In the matched analysis, the authors reported higher ventilator-associated pneumonia (VAP) incidence in the hyperglycemia group, estimating an incidence rate ratio of 6.2 (95% CI, 1.4–27.6). Infants with hyperglycemia also had a longer duration of invasive ventilation (19.8 ± 25.3 vs 8.9 ± 24.8 days); the paper reported a mean difference (MD) of −10.9 days (p=0.042), reflecting the subtraction order used in their analysis. Postnatal steroid exposure (administered beyond the first postnatal week and not described as a treatment for early hyperglycemia) was more frequent among infants with early hyperglycemia, with an odds ratio of 4.6 (95% CI, 1.6–14.4; p=0.040). For bronchopulmonary dysplasia, the authors described a trend toward more moderate-to-severe disease in the hyperglycemia group in the matched analysis (p=0.054). These findings were presented as associations observed after balancing measured perinatal factors.

For ophthalmologic outcomes, severe ROP occurred more often in the hyperglycemia group after matching (OR, 4.0; 95% CI, 1.0–15.5; p=0.032), which the authors highlighted as a persistent association alongside VAP. Mortality rates were reported as not significantly different between matched groups, while age at death among non-survivors was higher in the hyperglycemia group in the matched analysis (mean difference, −25.93 days; p=0.015). In discussion and conclusions, the authors framed early hyperglycemia as a clinically relevant early risk marker for short-term respiratory morbidity and severe ROP in extremely preterm infants, and they stated that prospective and interventional studies are needed to further evaluate these relationships.

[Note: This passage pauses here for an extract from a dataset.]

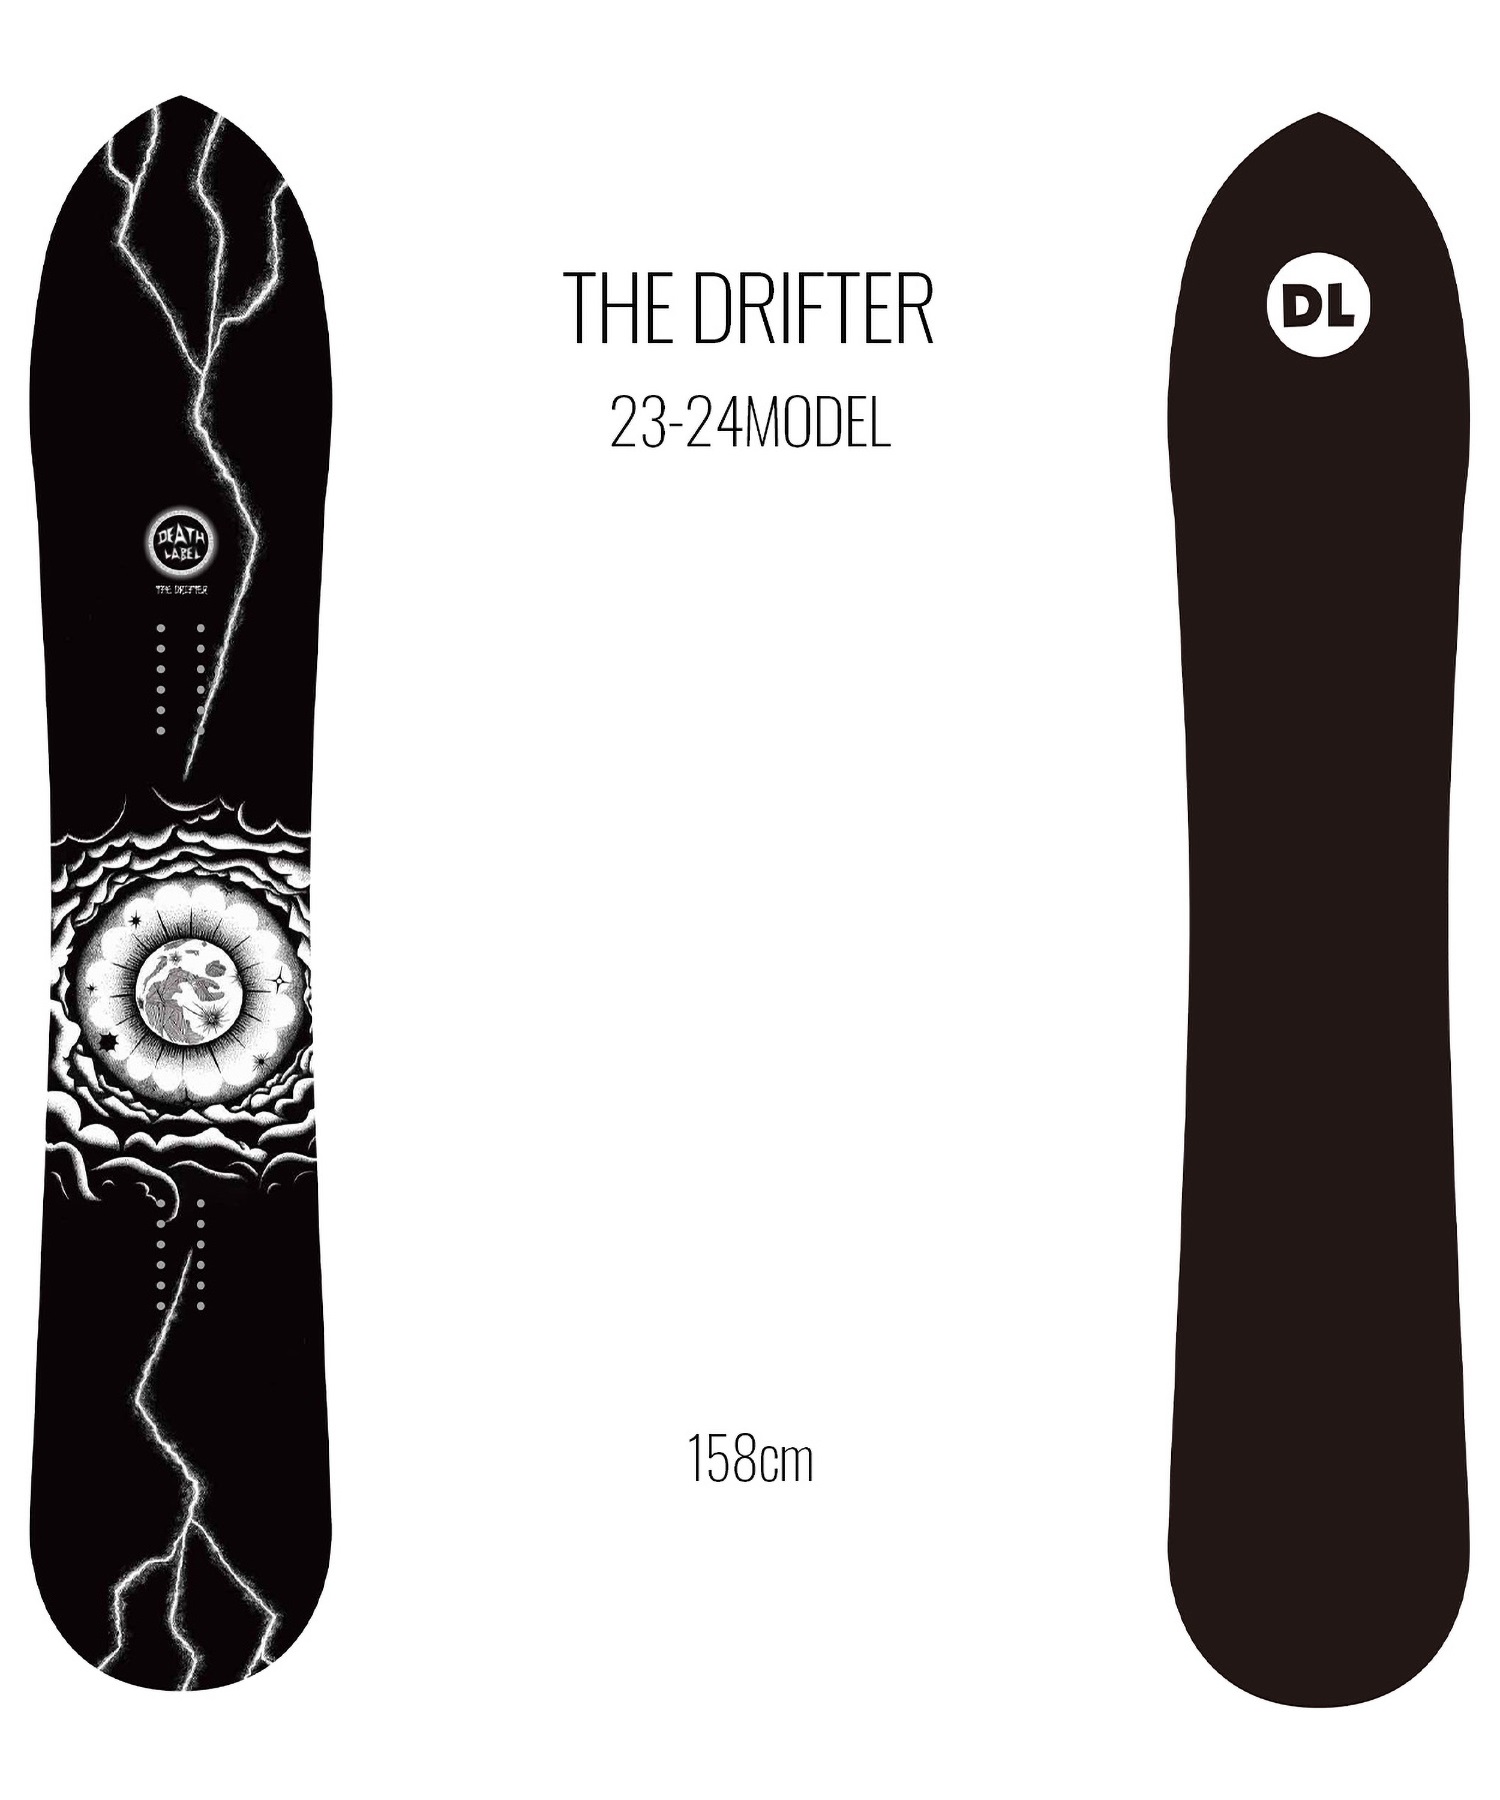 【早期購入/店頭受取対象外】スノーボード 板 メンズ DEATH LABEL デスレーベル THE DRIFTER 23-24モデル ムラサキスポーツ KK C2(THEDRIFTER-158cm)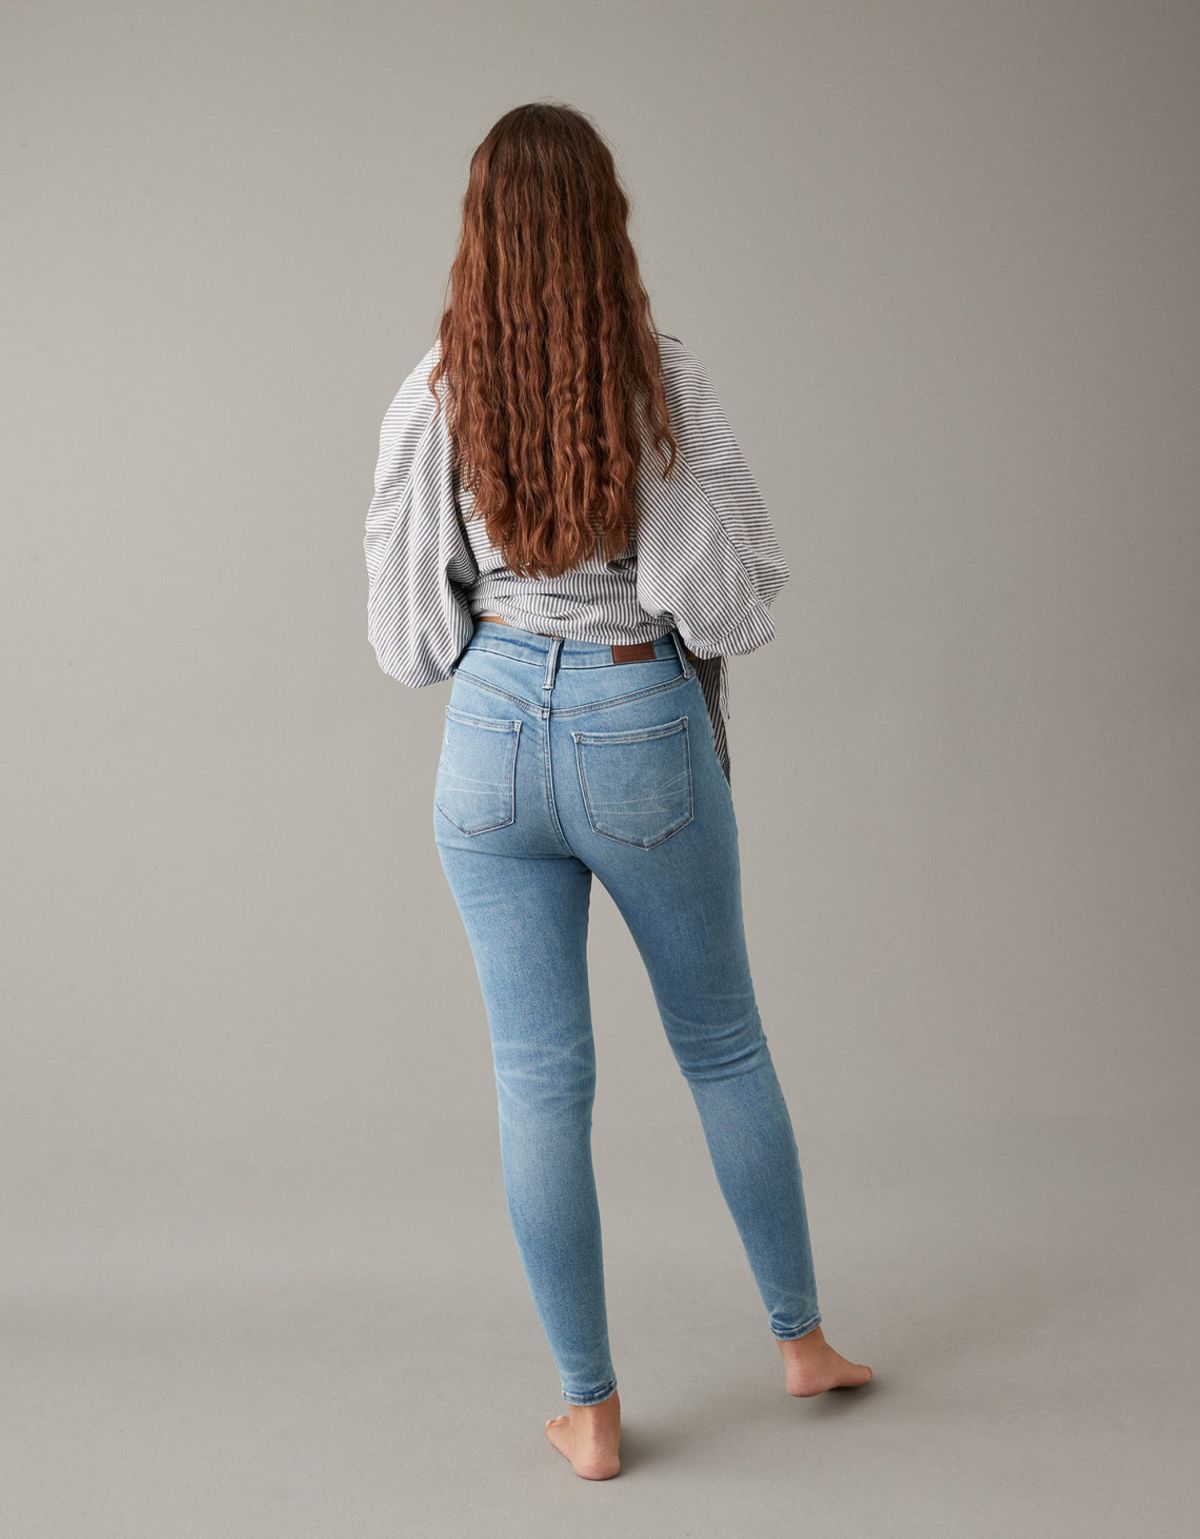  מכנסי ג'ינס SELF SIZE SUPER HIGH-RISE JEGGING של AMERICAN EAGLE

Their stated takeaway was that early dysglycemia may function as a clinically relevant early risk marker to help identify infants who may benefit from closer monitoring and targeted preventive strategies, rather than establishing causality.

Key Takeaways:

  • In this single-center cohort (2018–2019) of 225 infants born at GA <28 weeks, 58.2% met the study’s definition of first-week hyperglycemia (peak blood glucose >8.3 mmol/L within 7 days).
  • After propensity matching, early hyperglycemia was associated with more VAP, longer invasive ventilation, greater postnatal steroid exposure, and a reported trend toward more moderate-to-severe BPD.
  • Severe ROP remained more frequent in the hyperglycemia group after matching, and the authors characterized early hyperglycemia as a clinically relevant early risk marker and stated that the findings justify further prospective and interventional studies.